What it’s like to be a young person with migraine
Migraine is a common condition and many young people have it. Here is Ivy's experience of growing up and becoming an adult with migraine.
Ivy’s experience
“I grew up being ‘the girl with the headaches’. It was something that everyone just knew to be true about me.
“I’d cover my ears when the other children got too loud, I asked to leave rooms if there were bright flashing lights, I avoided chocolate because I knew it was a trigger long before I knew the word itself, I missed lessons, and had days where the pain was too much to even come into school. But I was never diagnosed with migraine.”
Going to school
“I was fortunate enough to have attended a very small school when I was a child, so the teachers were able to deal with my situation in the way I believe it should have been handled. If my head hurt I was allowed to lie down in a quiet room, and if my symptoms didn’t clear then they’d call my mum to pick me up, otherwise I went back to class.
“Nobody ever really questioned my symptoms and I think that was important. They accepted that what I said about how I felt, even at such a young age, was the truth and acted accordingly.
“I’m pretty sure now that it was migraine, but the doctors we saw at the time told me and my family that we had nothing to worry about. And so we didn’t.”
Medical help
“At the beginning of year 11, autumn 2017, I started to realise that my head was hurting more often than usual. I went to the GP, as I had done numerous times throughout my childhood, but on this occasion, after a bit of back and forth, they referred me to a paediatrician.
“And it was in the appointment with the paediatrician that all my symptoms were finally placed together, to form a diagnosis of migraine. Until then, I don’t think I’d ever been asked questions about light and sound sensitivity so I hadn’t ever really considered it all to be connected.
“I was prescribed preventive medication, given a lot of information to read up on, and told to keep a migraine diary. And it was by keeping this diary that I was able to notice when my episodic migraine progressed to chronic.

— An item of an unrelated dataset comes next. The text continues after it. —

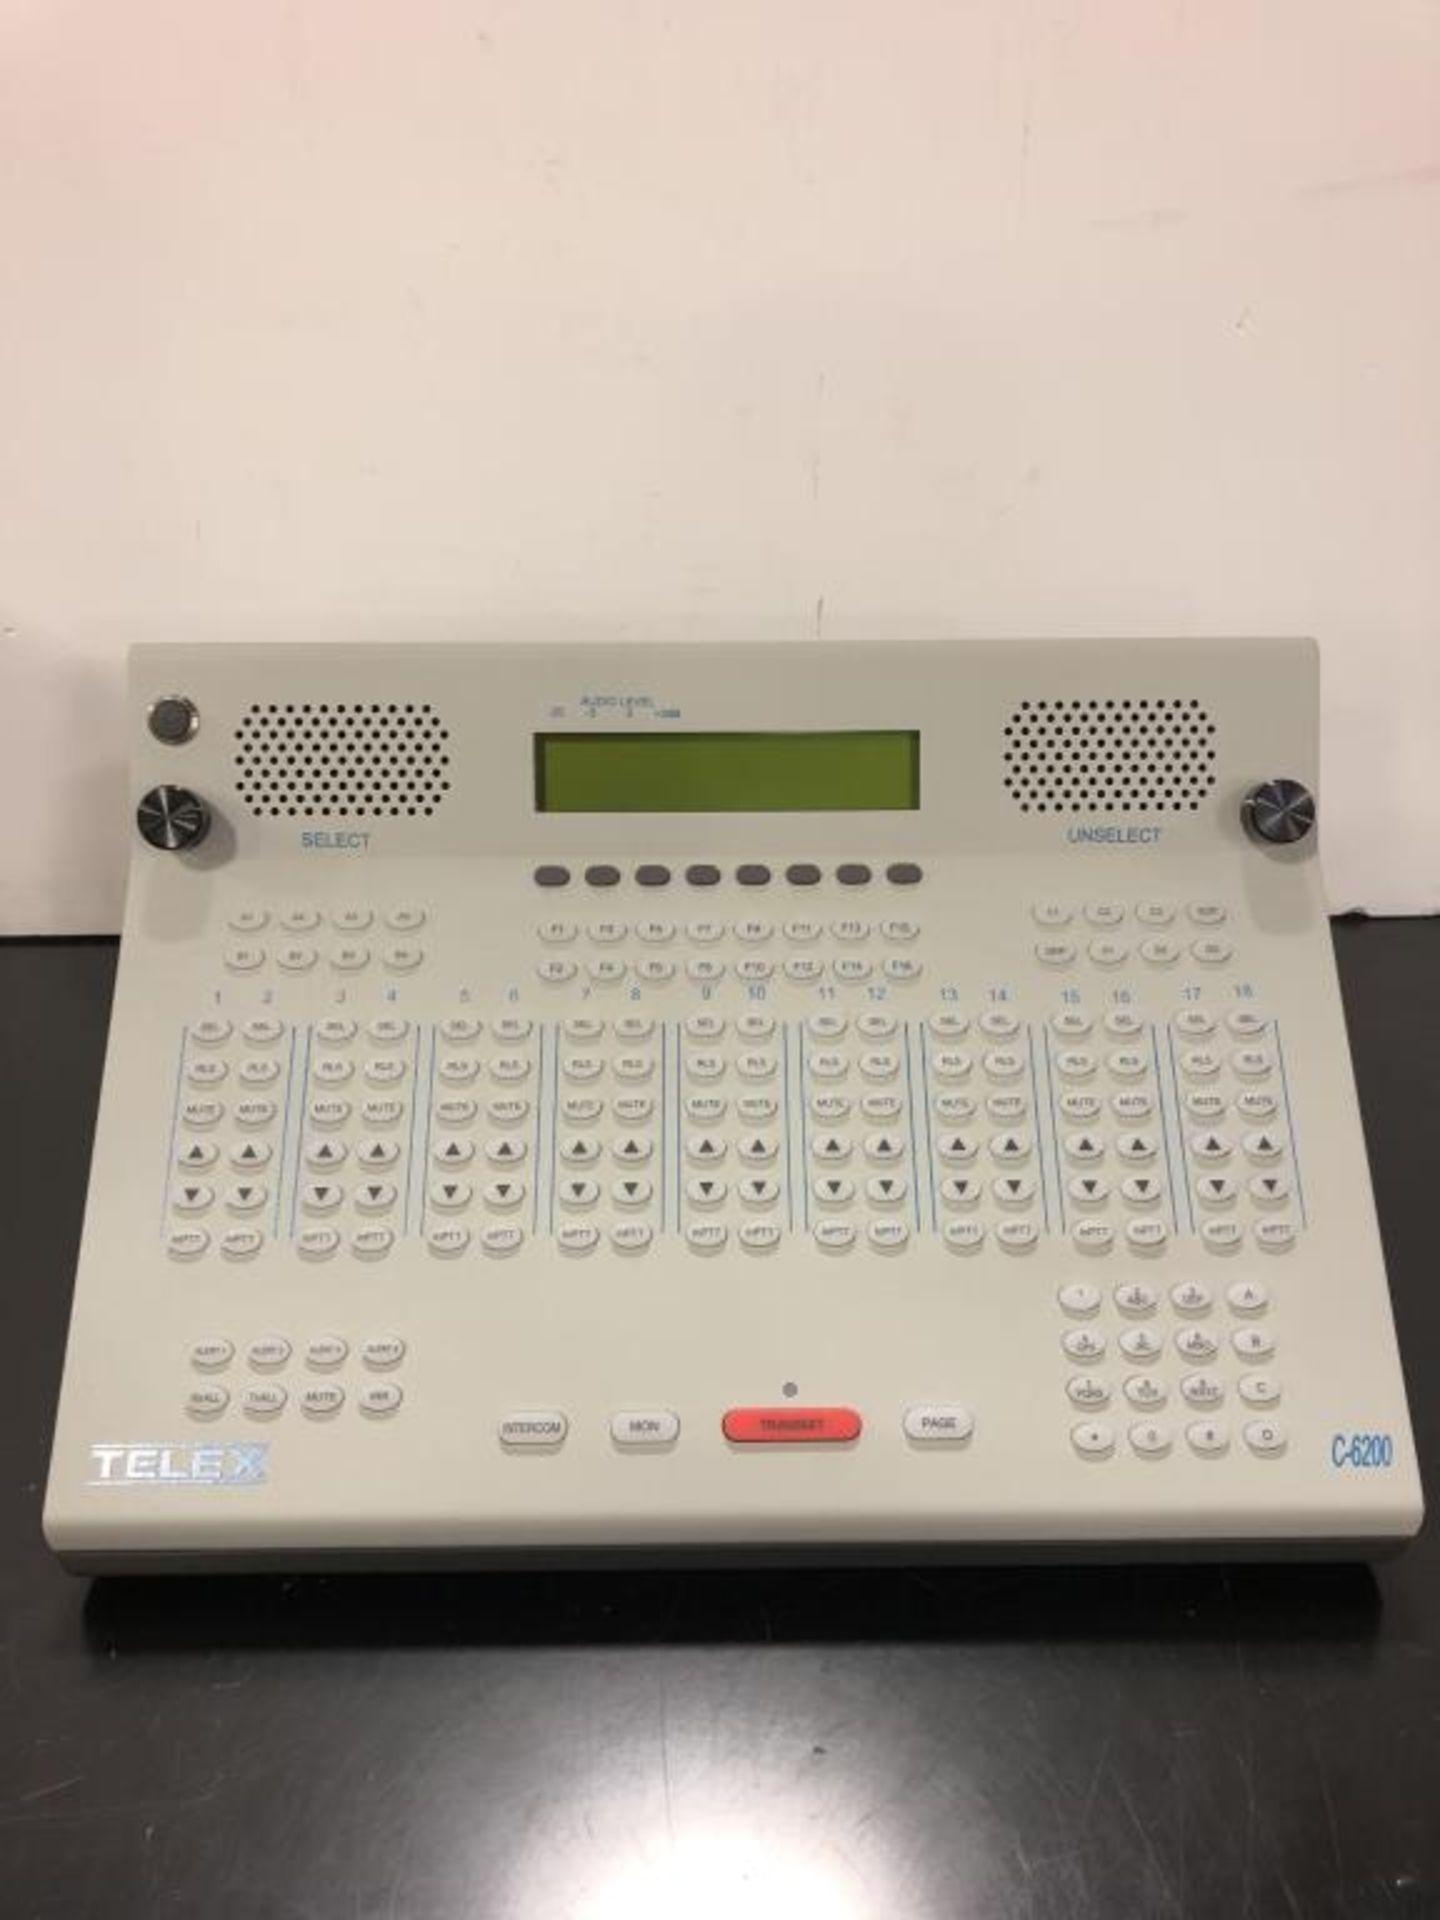 Lot 265 - VOIP Radio Dispatch Control

“The early part of the following year, just after mocks, is when preparation for GCSE exams kicks into the next gear. The stress level rises among students, ‘revision’ is a word you hear multiple times a day, and things that were once just a date in the calendar are starting to feel more real.
“It was during this time that I was spending an increasing number of days off school. I had blood tests, an MRI scan, tried medication after medication. I battled with side effects and symptoms alongside the guilt of not being able to do as much revision as I would have wanted to.
“I found myself in a vicious cycle of migraine and anxiety, one feeding into the other. I could feel when the next attack was about to start, my ears would burn and I’d quickly reach for some tablets.
“The days I spent in school were often cut short, as the gaps between each attack grew closer together. To date, my most recent symptom-free day can be found in April of that year. Since then migraine has been a daily struggle.”
Impact on my life
“My exams went as well as they could have gone for someone who couldn’t revise or concentrate for long periods of time. But I left school in year 12 when I was 16 years old. It had reached a point where it was difficult to balance managing my illness with my education, so I needed to take a break to focus on my health.
“By this point, I had made the transition from paediatrics to Adult services and was trying new treatments under a neurologist.
“It was difficult watching my friends move on with their lives while it felt like mine had been brought to a standstill. I experienced a lot of dark emotions and had to navigate the grief of losing the life I once had.
“Back then and to some extent still, there was an anger I felt towards the doctors I believed should have spotted the signs sooner. I had been in and out of the GP surgery with the same issue yet it wasn’t until things got worse that I feel like I was taken seriously.
“A part of me thinks that all of this was preventable and that’s been the toughest thing I’ve had to come to terms with.”
Looking forward
“After spending two years getting to know migraine better and how it affects me in my life I returned to education. And I have now come to the end of my time at an online school and in September I will be starting university. I’ll be studying Creative Advertising, a subject I likely wouldn’t have ever heard of had I not taken time out when I did.
“To the best of my knowledge, I’ve done the groundwork to prepare myself for uni. I let them know about my illness, applied for Disabled Students’ Allowance, and so hopefully when I get there things will be smoother from the start.
“My life looks so different from how I ever expected it to but I am excited for the future and looking forward to a day when I can no longer say that I live with chronic migraine.”
An update from Ivy
In my two years at university there have been a lot of lows. I’ve had days where a migraine attack meant having to ask my housemates for help with things like sorting dinner. I’ve walked out of lectures and had to use my extensions due to days lost when I’ve been in pain.
I’m now going into my final year of this degree and I’m glad I took the step to come here. Besides the new people I’ve met and fun experiences I’ve had, moving across the country meant I finally had access to new migraine treatments which have really made the difference.
Though things aren’t perfect all the time, I’m living a life I didn’t think would be possible when I left school at 16. I wish I could tell my younger self, who was afraid of what her future with migraine would look like, just how much she’s been able to achieve.